Despite those changes, Paramount ultimately failed to secure the deal before Netflix stepped in, setting the stage for this week’s hostile counteroffer.
How Paramount reshaped its offer
Sources say earlier versions of the bid did not spell out that the Ellison family and RedBird would fully control governance, even though that structure had been internally planned. Only in the latest proposal did Paramount explicitly reinforce that the Ellisons would backstop the entire $40.7 billion equity package, relying in part on their Oracle holdings.
WBD’s board was reportedly uneasy with the original funding lineup. With seven financial partners in the mix, members feared that a single withdrawal could jeopardize the closing of the transaction. They were also hesitant about a cash-and-stock configuration, given the slide in Paramount’s share price between October and November. The revised offer removed stock entirely.
Hostile bid raises the stakes
Paramount has now gone directly to shareholders, presenting an all-cash offer of $30 per share and arguing it surpasses Netflix’s $83 billion proposal for WBD’s studio and streaming operations. The company maintains that its approach better reflects the value of WBD’s cable networks, which would need to be separated under a Netflix deal.
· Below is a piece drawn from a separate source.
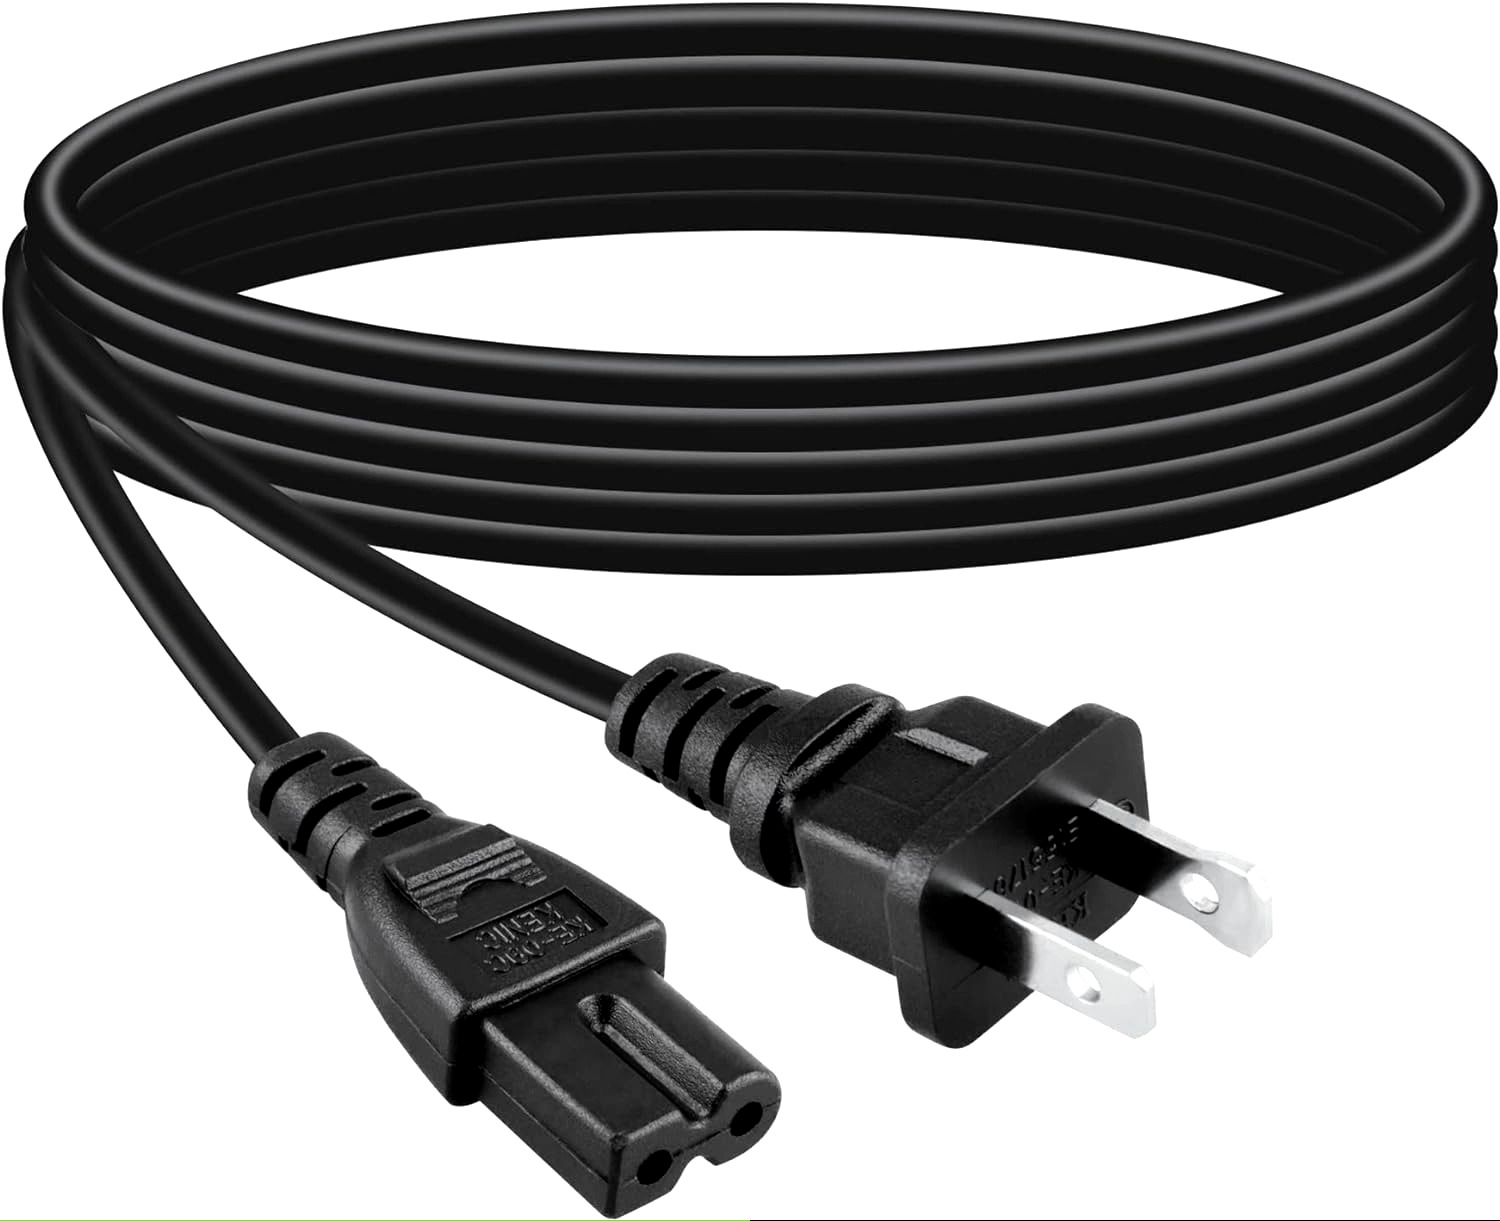 Original Part - Power Cord Cable Compatible with Vizio Smart TV all Models

It is also promoting the idea that regulators would be more receptive to a Paramount–WBD merger than to a Netflix takeover. Recent remarks from President Donald Trump, including references to a potential requirement that WBD divest CNN, have added a layer of political intrigue that Paramount believes bolsters its case.
What comes next
WBD’s board has committed to reviewing Paramount’s proposal and issuing a response within ten business days. That assessment may trigger another round of bidding, potentially prompting Netflix to increase its offer. At the same time, directors must weigh the financial comparison carefully, mindful that rejecting a cash tender could expose the company to shareholder litigation.
Industry analysts do not expect Comcast to rejoin the contest, even if additional offers are solicited.